Class snapshot: 'Health and the Social Markers of Difference'

Class snapshot Brazil index

Lilia Moritz Schwarcz, a professor of anthropology at the University of São Paulo and a Princeton Global Scholar, and Peter Locke, a lecturer in the Woodrow Wilson School of Public and International Affairs, lead the opening session of "Health and the Social Markers of Difference." The new course examines the role of social markers of difference — such as race, class, nationality and gender — in issues of global health.

Photos by Denise Applewhite, Office of Communications

Class snapshot Brazil map

 

Class: "Health and the Social Markers of Difference"

Description: This new course examines the role of social markers of difference — such as race, class, nationality and gender — in issues of global health. For example: How can racial or gender discrimination affect access to health services and life expectancy? "Studying health paired with markers of difference lets us address the social and political determinants of vulnerability and disease," said João Biehl, the Susan Dod Brown Professor of Anthropology, who helped develop the course. "It is somewhere in the middle of social lives that the work of critique always begins, and we need integrated approaches that recognize the profound interdependence of health, economic development, good governance and human rights," said Biehl, who is also co-director of the Program in Global Health and Health Policy.

Instructors: Peter Locke, a lecturer in the Woodrow Wilson School of Public and International Affairs; Lilia Moritz Schwarcz, a professor of anthropology at the University of São Paulo (USP) and a Princeton Global Scholar; Laura Moutinho, a professor of anthropology at USP; José Ricardo Ayres, a professor of preventative medicine at USP; and Didier Fassin, the James D. Wolfensohn Professor at the Institute for Advanced Study. "Collaborating with our colleagues from the University of São Paulo has affirmed how essential it can be to explore complex issues from the vantage point of different intellectual traditions and social and historical contexts," Locke said. "As we constructed the syllabus, the faculty from USP challenged us to broaden our sense of what materials could be relevant and to bring literatures and scholarly debates produced in other parts of the world into an equal conversation with our own bodies of knowledge."

An international classroom: The course is one result of a strategic partnership between Princeton and USP that was announced in 2012. Biehl connected with USP researchers to develop a pilot project that includes student exchanges and collaborative teaching and research. As part of this initiative, six Princeton undergraduate students and two graduate students traveled to Brazil twice earlier this year — over spring break and for about nine weeks during the summer — to do research as Princeton Brazil Global Fellows. Now, some of those students and the USP faculty members they worked with in Brazil are back together for this class. "I have always felt that internationalization needs to go both ways," Biehl said. "Of course we need to send our students out there to get the experience but we also need to bring to campus both students and faculty to internationalize campus life and the classroom experience."

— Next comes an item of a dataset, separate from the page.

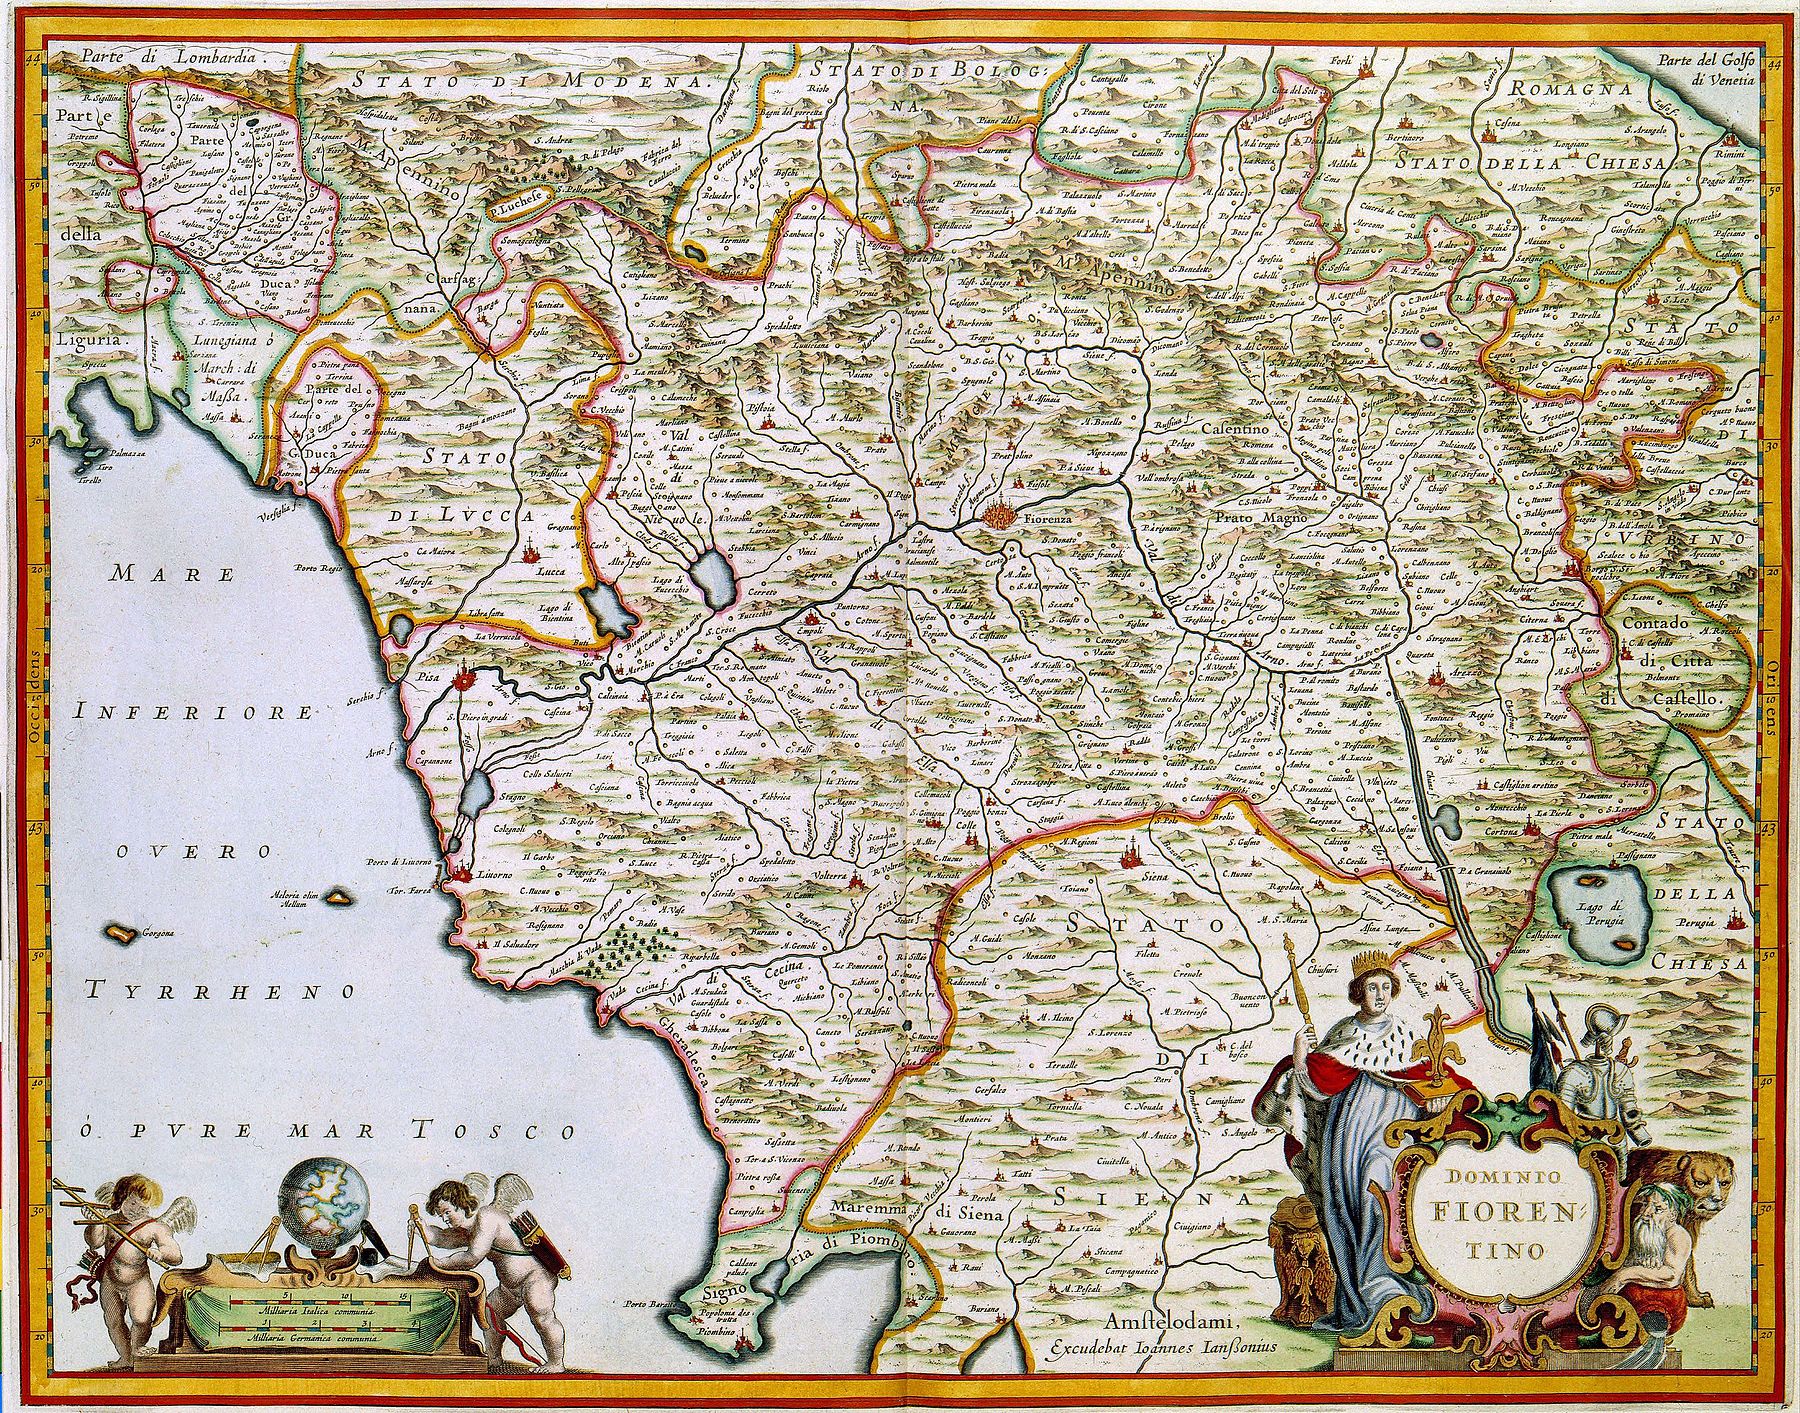 Lunigiana e marchesato di Massa (Jan Janssonius, 1635)

Class snapshot Brazil students

Participants engaging in a class session include (from left) Laura Moutinho, a professor of anthropology at the University of São Paulo (USP); Pedro Lopes, a USP graduate student; and Minerva Pedroza, a Princeton senior and Princeton Brazil Global Fellow.

Day one: The first meeting of the class demonstrated its broad reach and international flavor. Locke was joined by Schwarcz and Biehl, who offered a brief overview of the class and how it came together. The 24 students, who represented about a dozen majors, took turns introducing themselves. Also there to listen and contribute was Stanley Stein, the Walter Samuel Carpenter II Professor in Spanish Civilization and Culture, Emeritus, who Schwarcz described a "hero" for his groundbreaking work on race and culture in Brazil.

Schwarcz led the class, laying the groundwork for the semester by introducing the ideas of social markers of difference. "I just wanted to show the students how society can act as a double of nature by creating and naturalizing difference," Schwarcz said later. "Sometimes you have political and cultural differences that are just as powerful as natural ones." To illustrate the way societies focus on constructed differences, she showed the students a 16th-century drawing of Amerigo Vespucci's landing in the New World and picked apart the myriad social markers of difference represented: the New World as a nude woman, helpless and in need; Europe as a man formally dressed and armed with the latest technology and an obligation to bring change.

Class snapshot Brazil class

The course includes students from across the University, representing about a dozen majors. Some of the students have done research in Brazil as Princeton Brazil Global Fellows.

Students say: Naomi Zucker, a senior majoring in anthropology and pursing a certificate in Global Health and Health Policy, as well as a Princeton Brazil Global Fellow and a Davis UWC Scholar: "I think it is particularly valuable to have the opportunity to connect summer research to coursework back at Princeton. There is often a disconnect between what we study in the classroom and what we are working on in our independent projects, and it is exciting to have a space in which you can use one to inform the other."

Andy Hawley, a senior majoring in economics: "Everyone goes through life with their own world view on social markers of difference — race, gender, status — but they are not easy topics for dinner-table discussions. This class has been a chance to unpack those unspoken thoughts in a deliberately open, constructive setting."